● **Recorded data**:
-- Opening Marker --

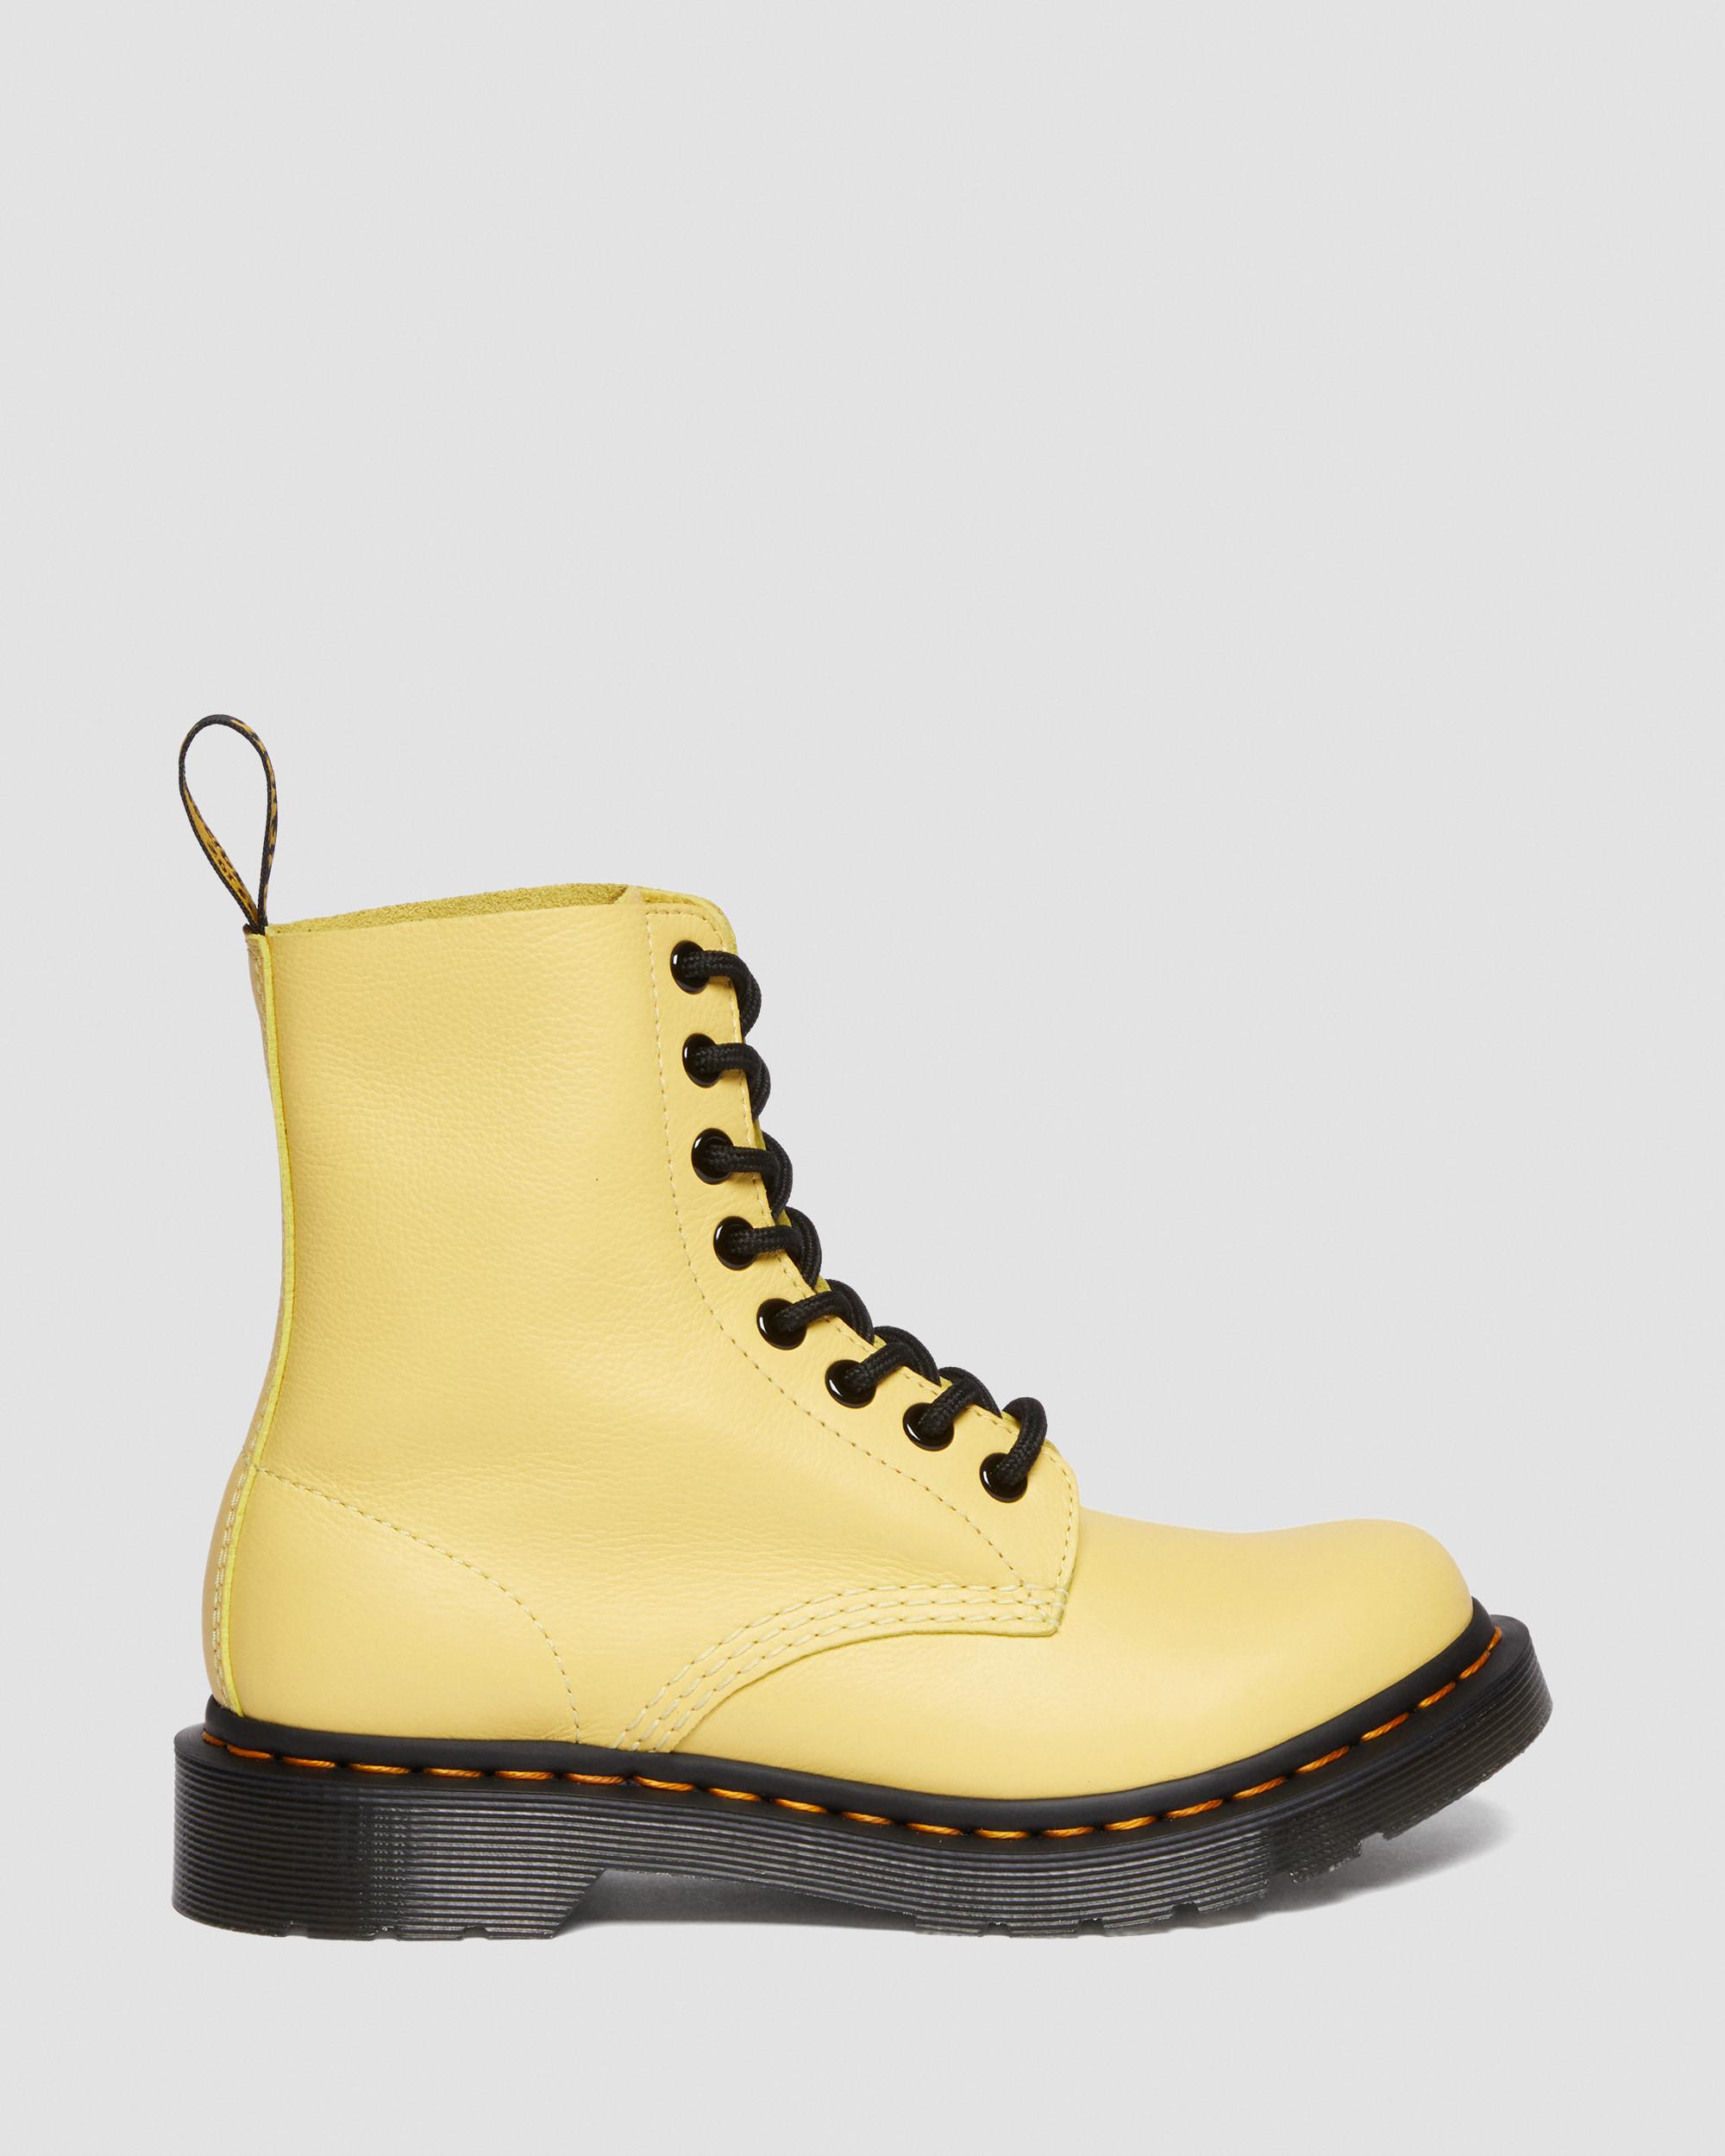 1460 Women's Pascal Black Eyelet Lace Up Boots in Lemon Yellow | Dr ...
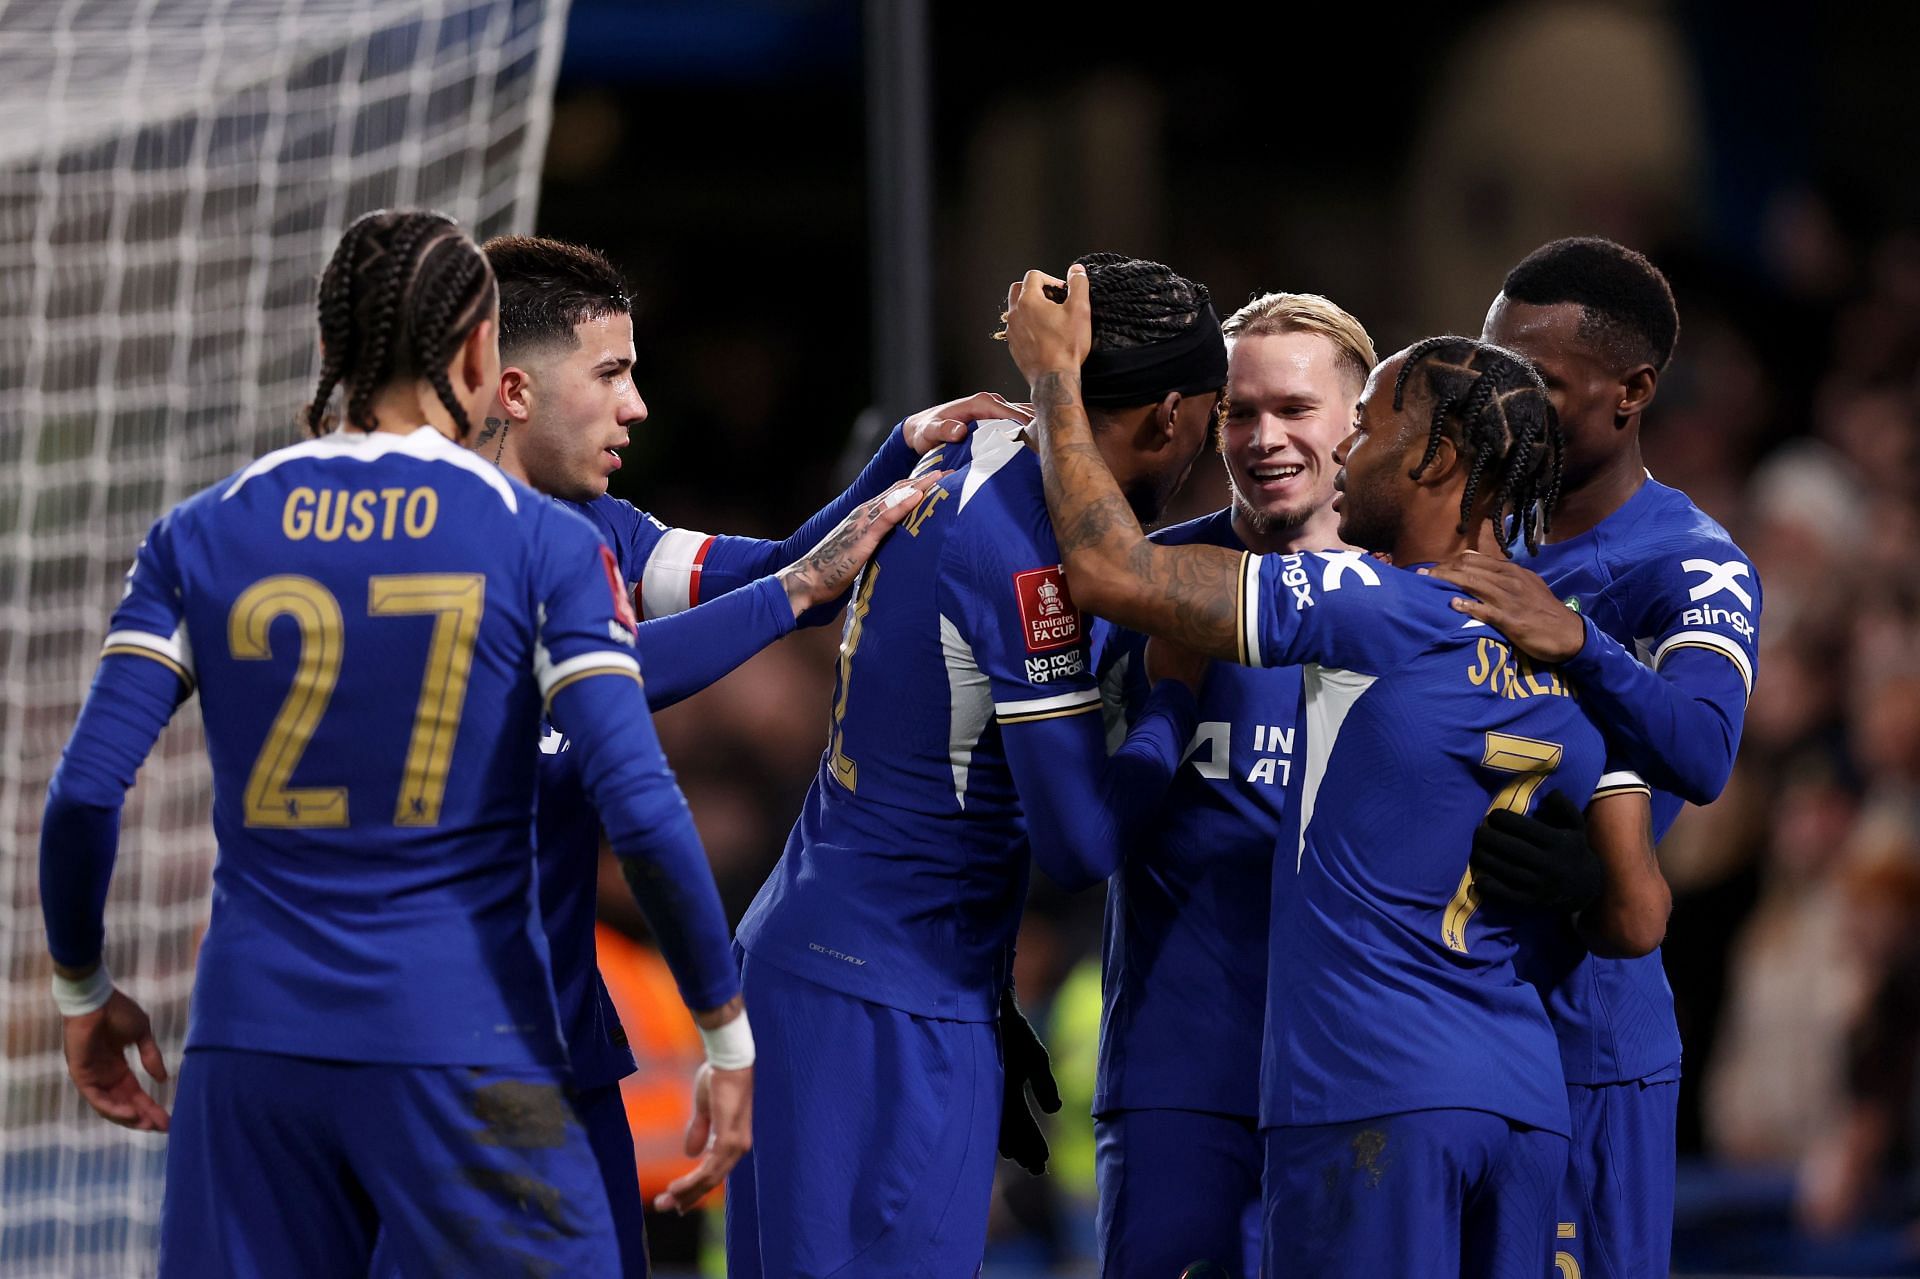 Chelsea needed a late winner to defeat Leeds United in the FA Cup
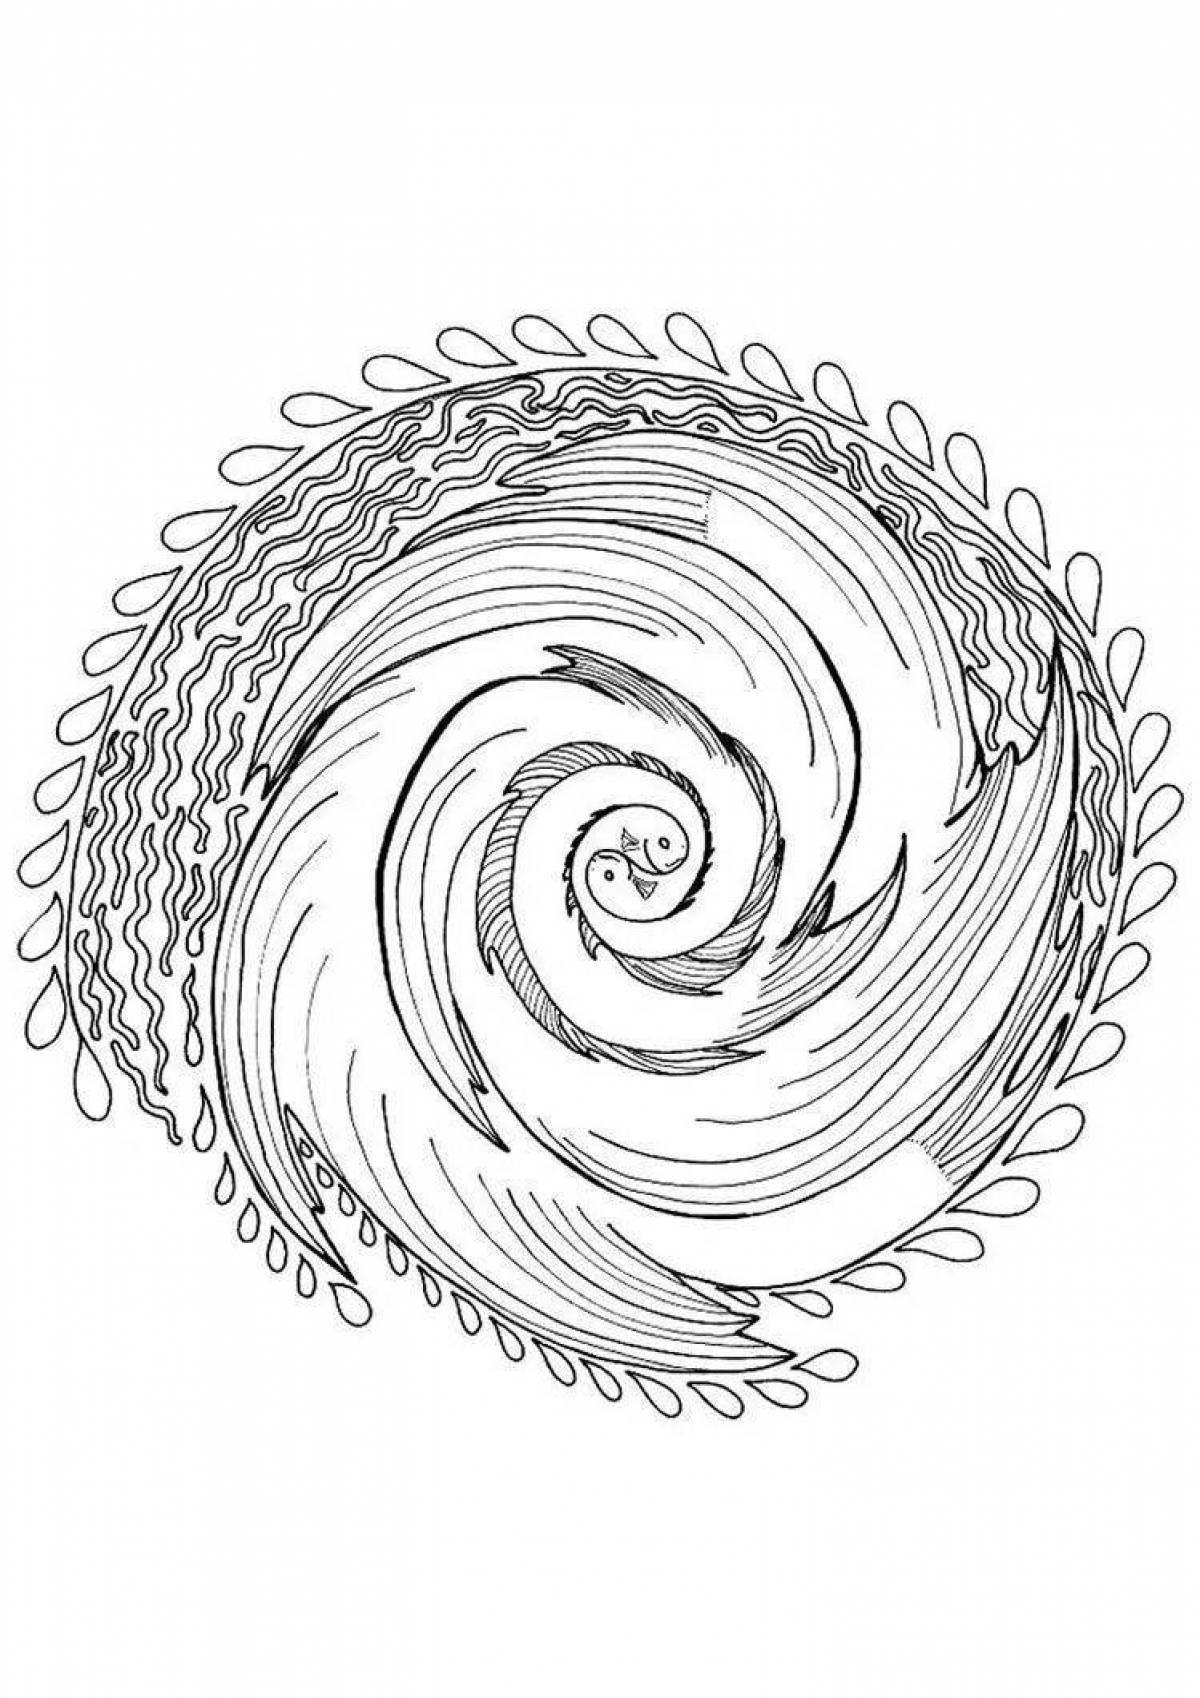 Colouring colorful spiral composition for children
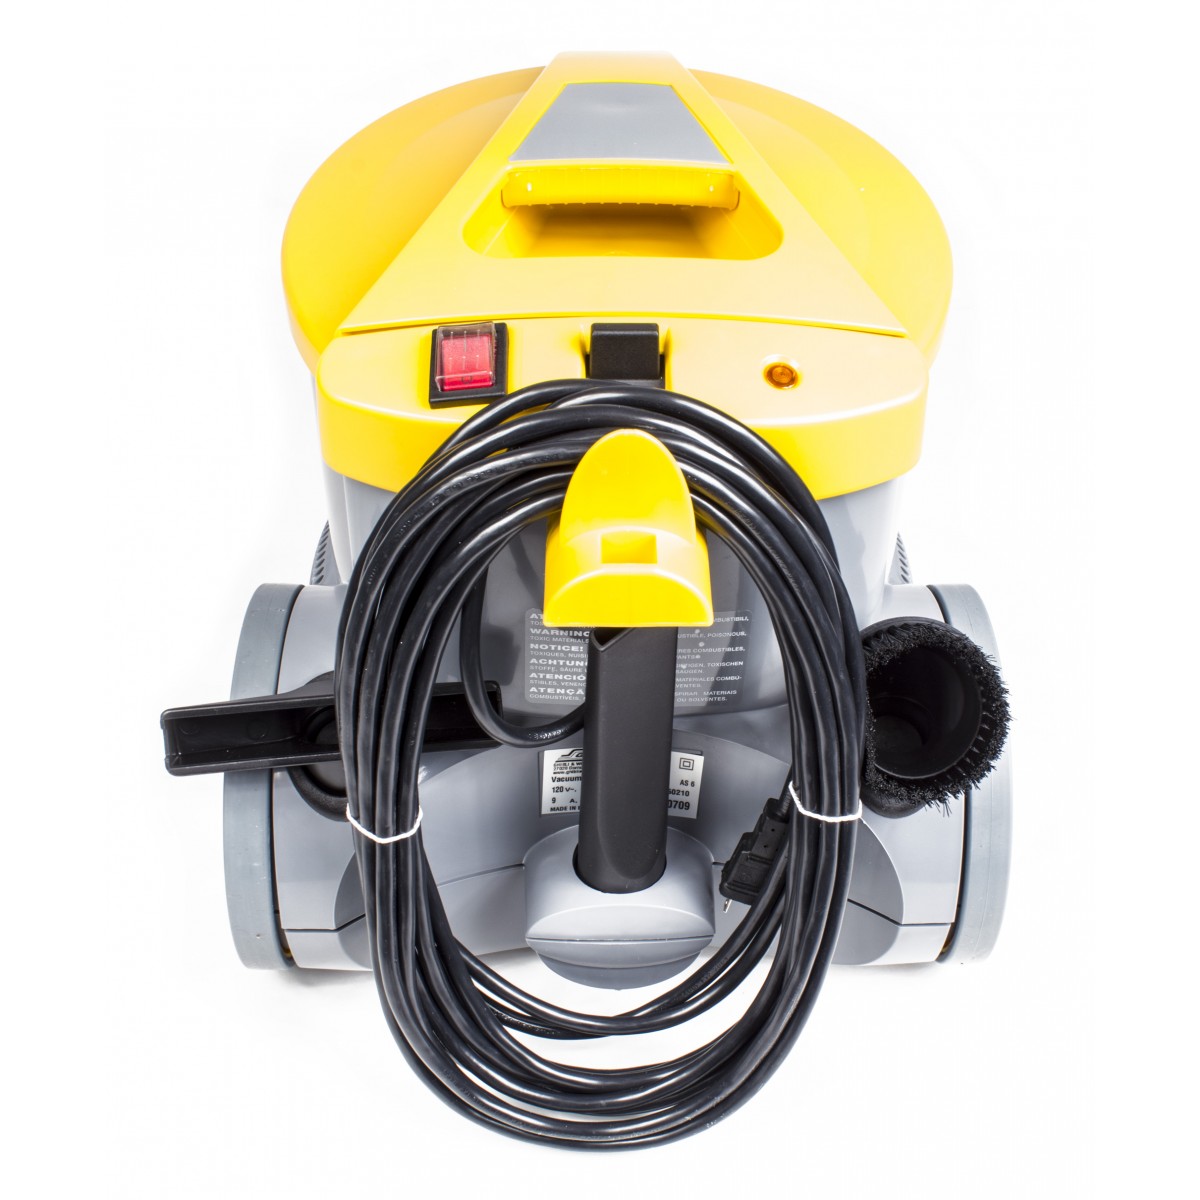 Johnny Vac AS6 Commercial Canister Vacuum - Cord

-- Closing Marker --

● **Required work**: An image-free, exact version of the listing above is required.

● **Result of the exercise**:
 1460 Women's Pascal Black Eyelet Lace Up Boots in Lemon Yellow | Dr ...
 Chelsea needed a late winner to defeat Leeds United in the FA Cup
 Colouring colorful spiral composition for children
 Johnny Vac AS6 Commercial Canister Vacuum - Cord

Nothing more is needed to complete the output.